From the founding of Image Engine in 1995 and Nerd Corps Entertainment Inc. in 2002 and the arrival of Zoic Studios BC Inc. and Motion Picture Co. in the last decade, more than a dozen visual-effects and animation studios, including Pixar Canada Inc., Rhythm & Hues Studios Ltd. and Industrial Light & Magic LLC have landed here in the past two years. The number employed in the sector, estimated by the Vancouver Economic Commission (VEC), the City of Vancouver’s development agency, tripled to 3,000 in that period.

“I know one company here needing 200 additional people right now and another needing 80,” enthuses the VEC’s creative digital-media specialist Nancy Mott. After some two decades working in VFX, including at Vancouver’s Rainmaker Entertainment Inc. and The Embassy Visual Effects Inc., she is now involved in encouraging new companies to come to the city. “VFX and animation is currently the only part of the film-and-television industry in Vancouver that is really growing,” she says. “So, for the business of show business today, it’s all about developing and refining digital artistry and tech-engineering skills.”
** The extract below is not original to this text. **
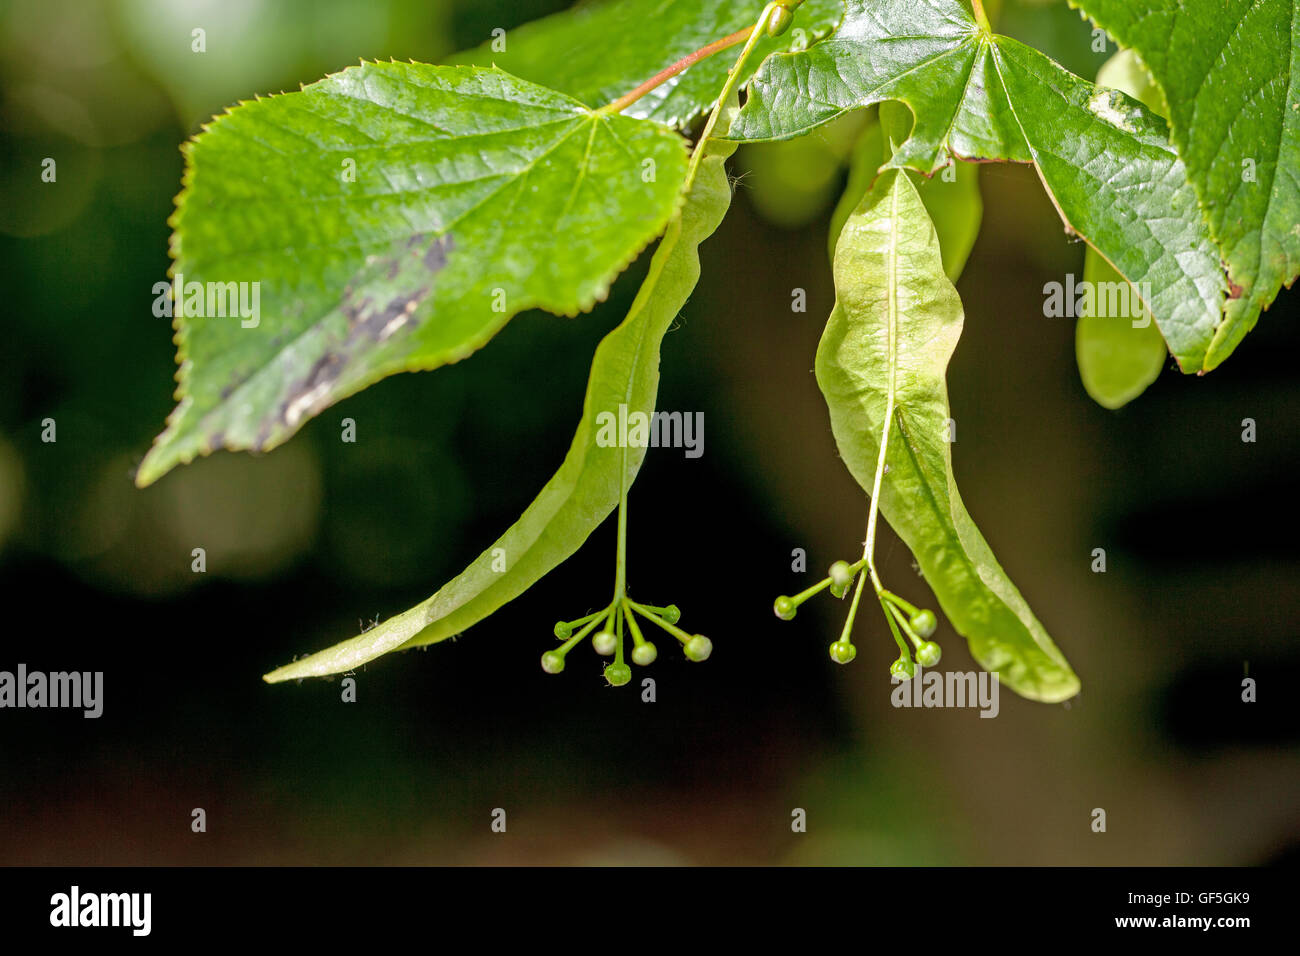 Small-leaved Lime (Tilia cordata ). Winged fruits still attached to tree branch. Stock Photo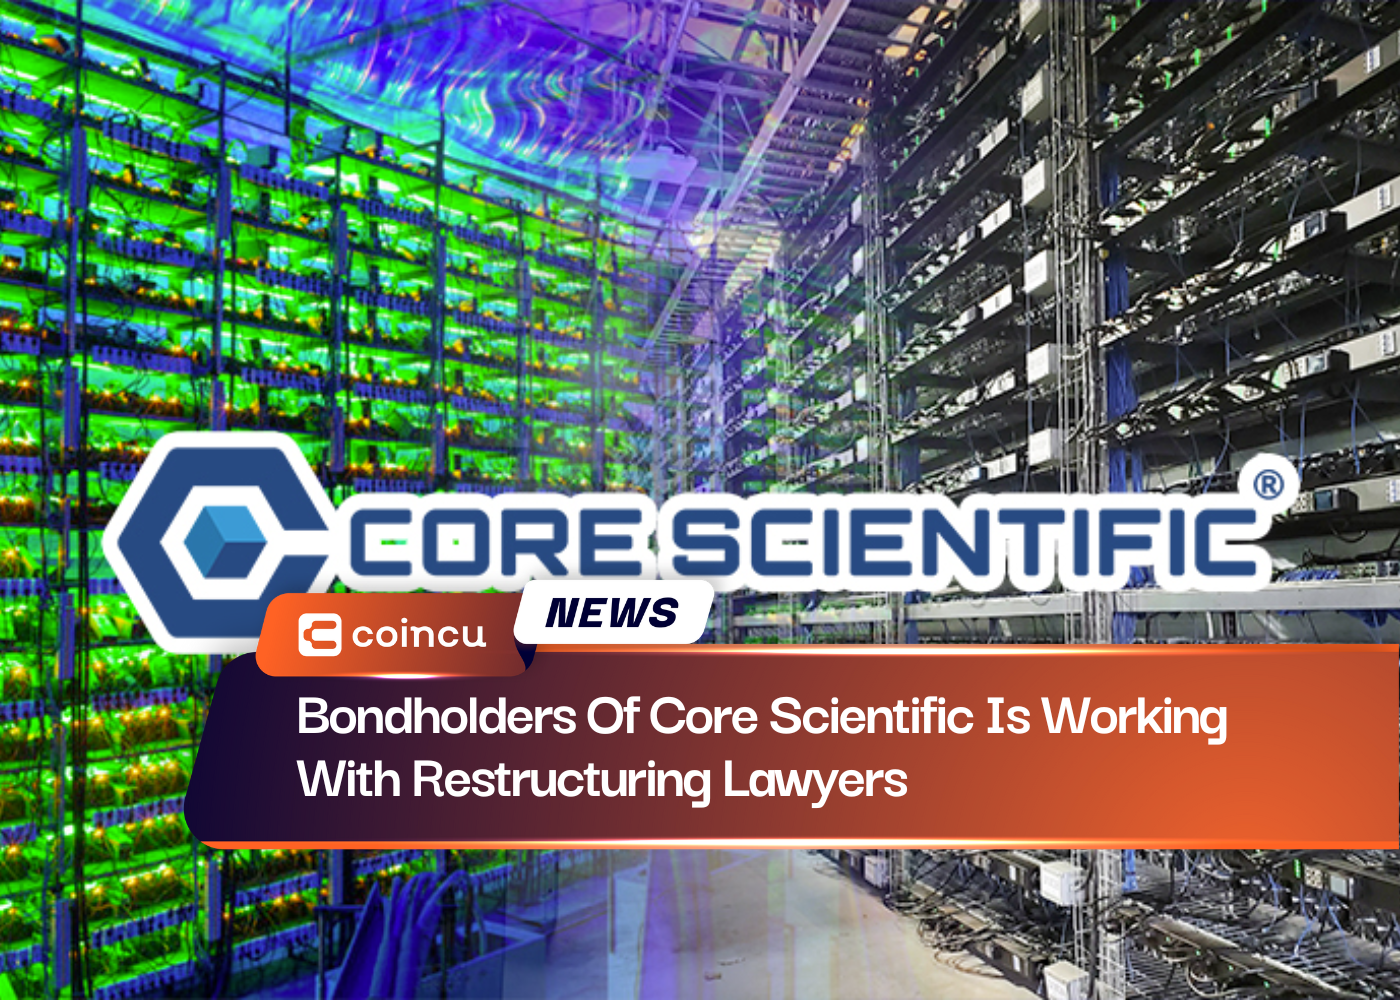 Bondholders Of Core Scientific Is Working With Restructuring Lawyers

In other words, grips and electricians may not be employed, but such folk as artists and colourists are, as the industry morphs from physical to digital production—all fuelled by schools in Vancouver dispensing hundreds of students yearly. From Lost Boys Studios and Capilano University to VanArts and Vancouver Film School, which notably doesn’t just admit one set of students a year, but has six intakes (and therefore six graduating classes annually), it’s all part of what Wong brands as B.C.’s “world-class production centre, a whole ecosystem, from cradle to grave.”

And perhaps, if the province continues to pull off both the desired increase in independent work and VFX as well as enough of a tax-credit sweetener, there may even be boom times again for the B.C. industry. It’s something Merilees predicts in the ever-changing “cyclical” sector, although he concludes simply, “It’s a large machine to keep going.”